- Born: Elisha John Durbin February 1, 1800 Madison County, Kentucky, U.S.
- Died: March 22, 1887 (aged 87) Shelbyville, Kentucky, U.S.
- Occupation: Roman Catholic priest
- Years active: 1822–1885
- Known for: "Patriarch-priest of Kentucky"

= Elisha John Durbin =

American priest (1800–1887)

Elisha John Durbin (February 1, 1800) - March 22, 1887) was an American Roman Catholic priest, known as the "patriarch-priest of Kentucky".
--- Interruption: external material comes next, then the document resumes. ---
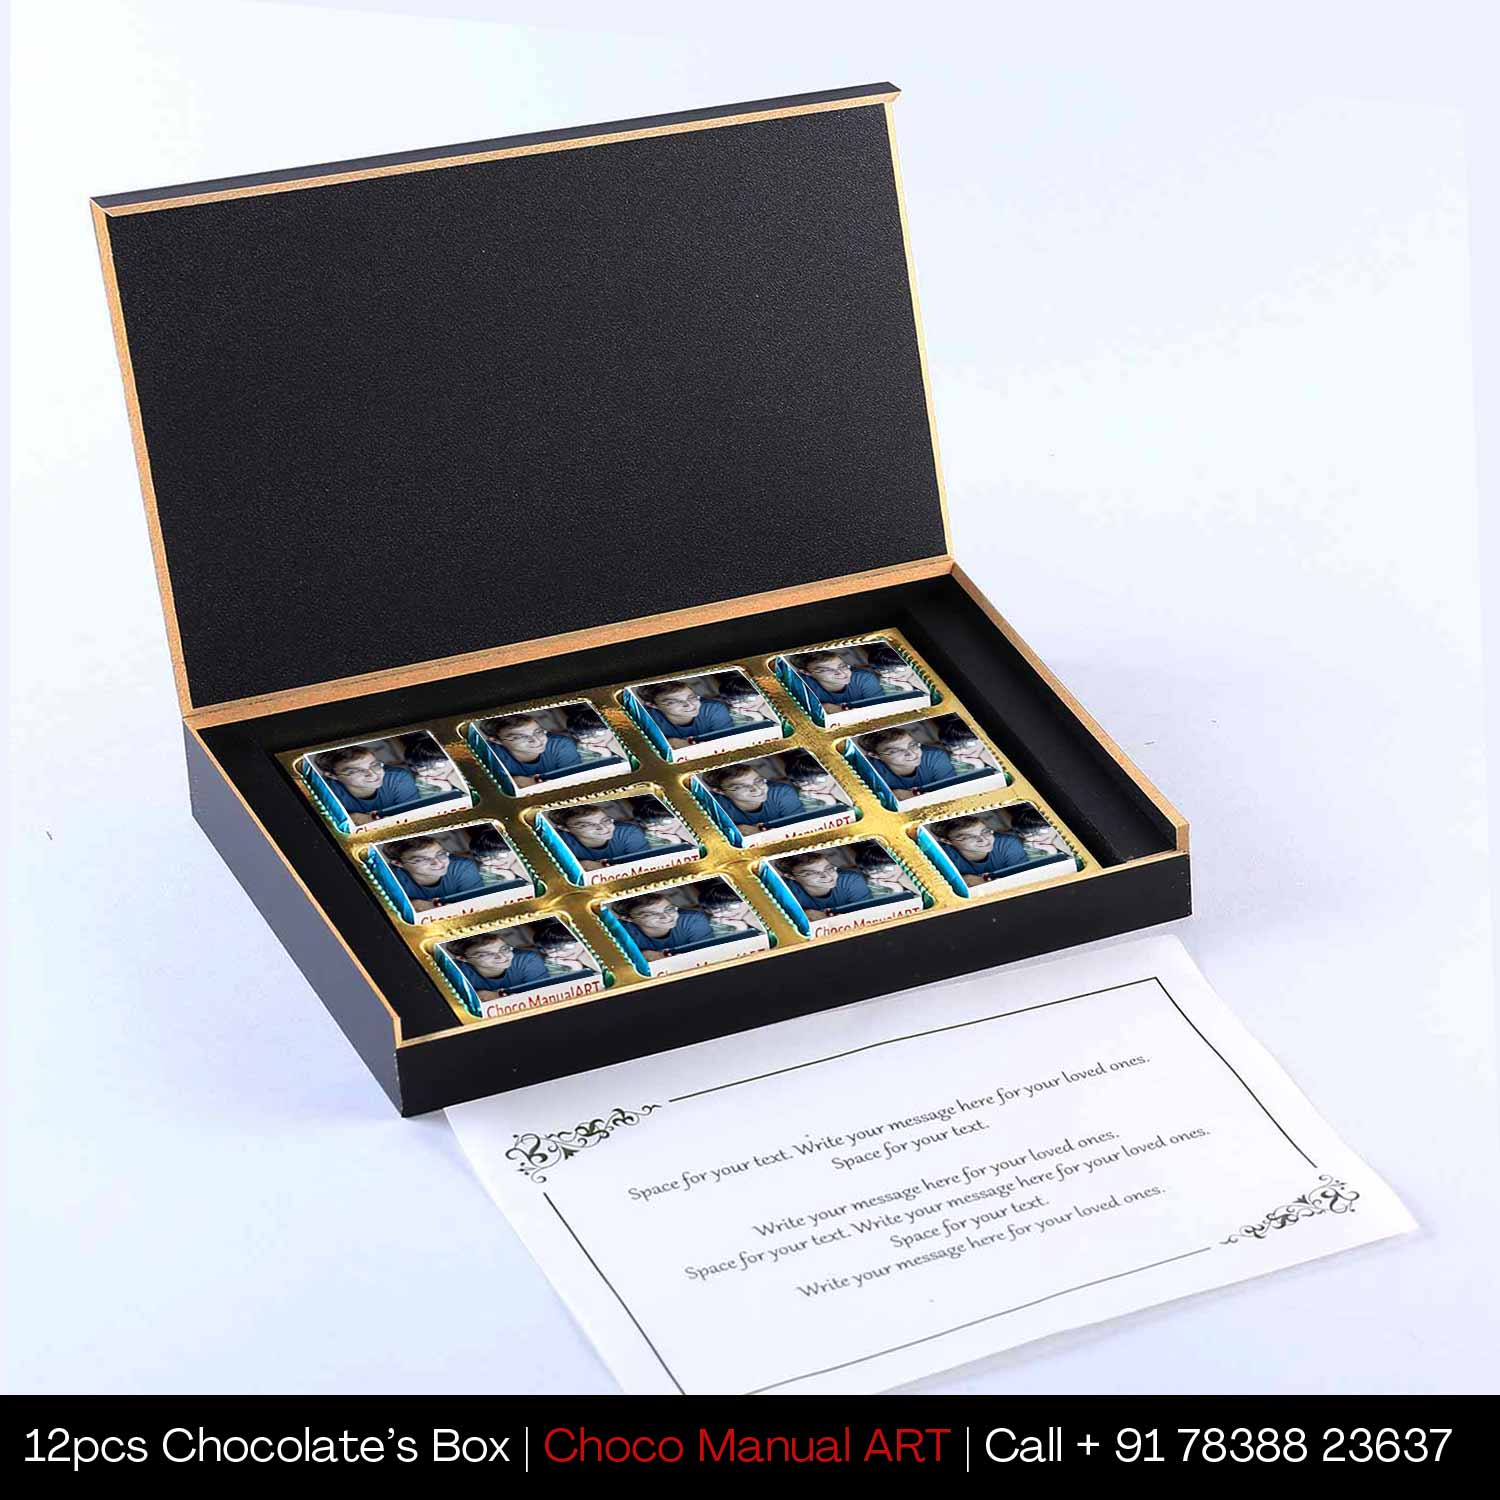 Happy father's day printed wrapped Chocolates Designer black box

==Early life and education==

Durbin was born in Madison County, Kentucky, the son of John Justin Durbin, a pioneer, and Patience Logsdon. In 1816, he was sent to the preparatory seminary of St. Thomas, in Nelson County, where he spent about four years of manual labour and study under missionaries including John Baptist Mary David, Benedict Joseph Flaget, Felix de Andreis, and Joseph Rosati. From there, he went to the nearby Seminary of St. Joseph, at Bardstown, where, in 1821 and 1822, he was taught by Francis Patrick Kenrick.

== Career ==
He was ordained priest in Bardstown, by coadjutor Bishop David on September 21, 1822. Early in 1824, Flaget, Bishop of Bardstown, entrusted to him the pastoral care of western and southwestern Kentucky, about 30 counties, with an area of over 11,000 sqmi, nearly one-third of the state. Thus began a missionary career of over 60 years as the "Apostle of Western Kentucky". Union County, Kentucky was the center of his mission. From it he journeyed on horseback over his vast territory, erected churches, established stations, formed congregations, and visited isolated families.

In the beginning, duty called him beyond his mission proper into Indiana, and once a year to Nashville, Tennessee. He traversed a sparsely settled mission incessantly. Occasionally, a cogent communication from him would appear in the press.

In 1884, he was assigned him the small mission at Princeton, Kentucky. Durbin suffered a stroke in 1885, which resulted in paralysis. He died in Shelbyville, Kentucky in 1887.